MERRILL LYNCH INTERNATIONAL
Goldman, Sachs International
Bear, Stearns International Limited
NationsBanc Montgomery Securities LLC
  as Lead Managers of the several International Managers
c/o  Merrill Lynch International
Ropemaker Place
25 Ropemaker Street
London EC2Y 9LY
England


Ladies and Gentlemen:

  Snyder Communications, Inc., a Delaware corporation (the "Company") and the
persons listed in Schedule B hereto (collectively, the "Selling Shareholders")
confirm their respective agreements with Merrill Lynch International ("Merrill
Lynch") and each of the other international underwriters named in Schedule A
hereto (collectively, the "International Managers", which term shall also
include any underwriter substituted as hereinafter provided in Section 10
hereof), for whom Merrill Lynch, Goldman, Sachs International, Bear, Stearns
International Limited and NationsBanc Montgomery Securities LLC are acting as
representatives (in such capacity, the "Lead Managers"), with respect to (i) the
                                                                          -     
sale by the Company and the Selling Shareholders, acting severally and not
jointly, and the purchase by the International Managers, acting severally and
not jointly, of the respective numbers of shares of Common Stock, par value
$.001 per share,
<PAGE>
  
of the Company ("Common Stock") set forth in Schedules A and B hereto and (ii)
                                                                           -- 
the grant by Daniel M. Snyder and Michele D. Snyder (collectively, the
"Executive Selling Shareholders") to the International Managers, acting
severally and not jointly, of the option described in Section 2(b) hereof to
purchase all or any part of [________] additional shares of Common Stock to
cover over-allotments, if any. The aforesaid [_________] shares of Common Stock
(the "Initial International Securities") to be purchased by the International
Managers and all or any part of the [_______] shares of Common Stock subject to
the option described in Section 2(b) hereof (the "International Option
Securities") are hereinafter called, collectively, the "International
Securities".
 
     It is understood that the Company and the Selling Shareholders are
concurrently entering into an agreement dated the date hereof (the "U.S.
Purchase Agreement") providing for the offering by the Company and the Selling
Shareholders, acting severally and not jointly, of an aggregate of [_________]
shares of Common Stock (the "Initial U.S. Securities") through arrangements with
certain underwriters in the United States and Canada (the "U.S. Underwriters")
for which Merrill Lynch & Co., Merrill Lynch, Pierce, Fenner & Smith
Incorporated, Goldman, Sachs & Co., Bear, Stearns & Co.

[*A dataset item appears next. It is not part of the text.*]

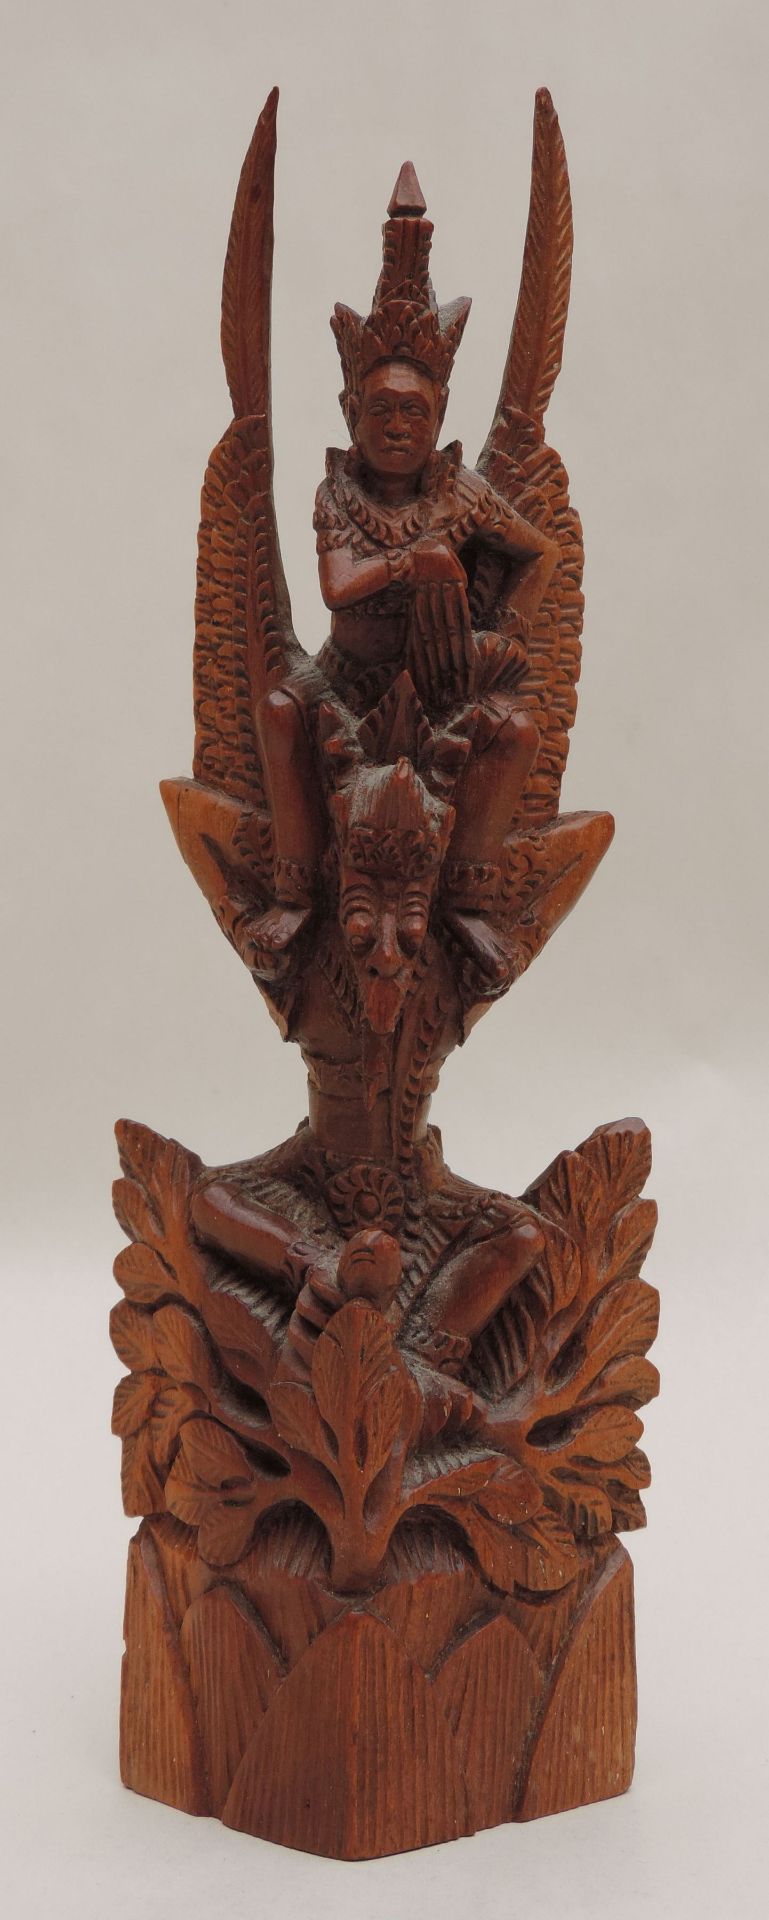 GRUPPE, Bali, Teak, Turm von mythologischen Gestalten, teils hinduistischer Prägung auf Strauch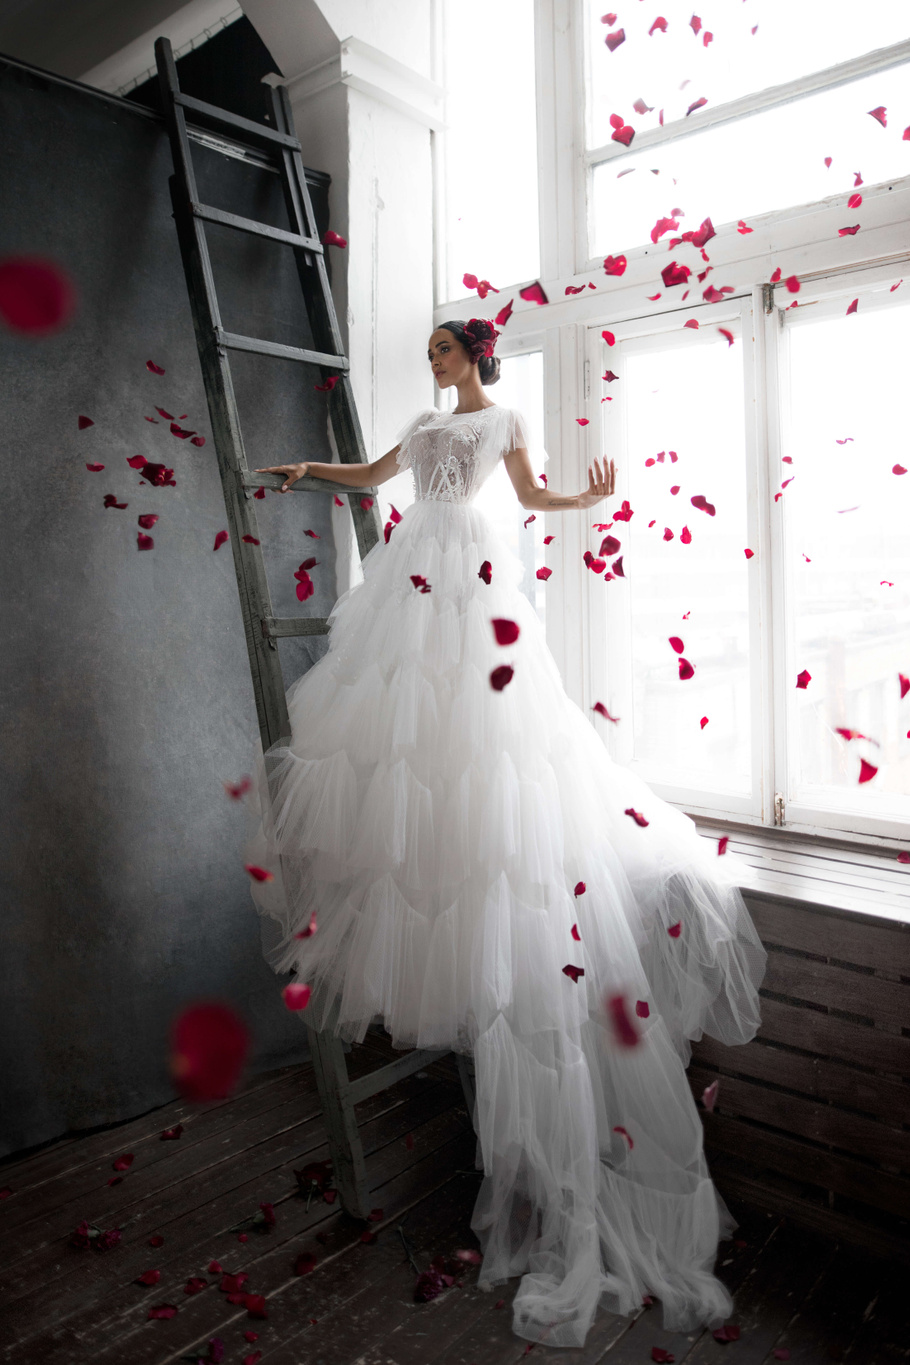 Купить свадебное платье «Лоренсо» Бламмо Биамо из коллекции Нимфа 2020 года в Москве

Inc. and NationsBanc
Montgomery Securities LLC are acting as representatives (the "U.S.
Representatives") and the grant by the Executive Selling Shareholders to the
U.S. Underwriters, acting severally and not jointly, of an option to purchase
all or any part of the U.S. Underwriters' pro rata portion of up to [_______]
additional shares of Common Stock solely to cover over-allotments, if any (the
"U.S. Option Securities" and, together with the International Option Securities,
the "Option Securities").  The Initial U.S. Securities and the U.S. Option
Securities are hereinafter called the "U.S. Securities".  It is understood that
the Company and the Selling Shareholders are not obligated to sell, and the
International Managers are not obligated to purchase, any Initial International
Securities unless all of the Initial U.S. Securities are contemporaneously
purchased by the U.S. Underwriters.  

     The International Managers and the U.S. Underwriters are hereinafter
collectively called the "Underwriters", the Initial International Securities and
the Initial U.S. Securities are hereinafter collectively called the "Initial
Securities", and the International Securities and the U.S. Securities are
hereinafter collectively called the "Securities".  The Selling Shareholders
other than the Executive Selling Shareholders are hereinafter collectively
called the "Non-Executive Selling Shareholders".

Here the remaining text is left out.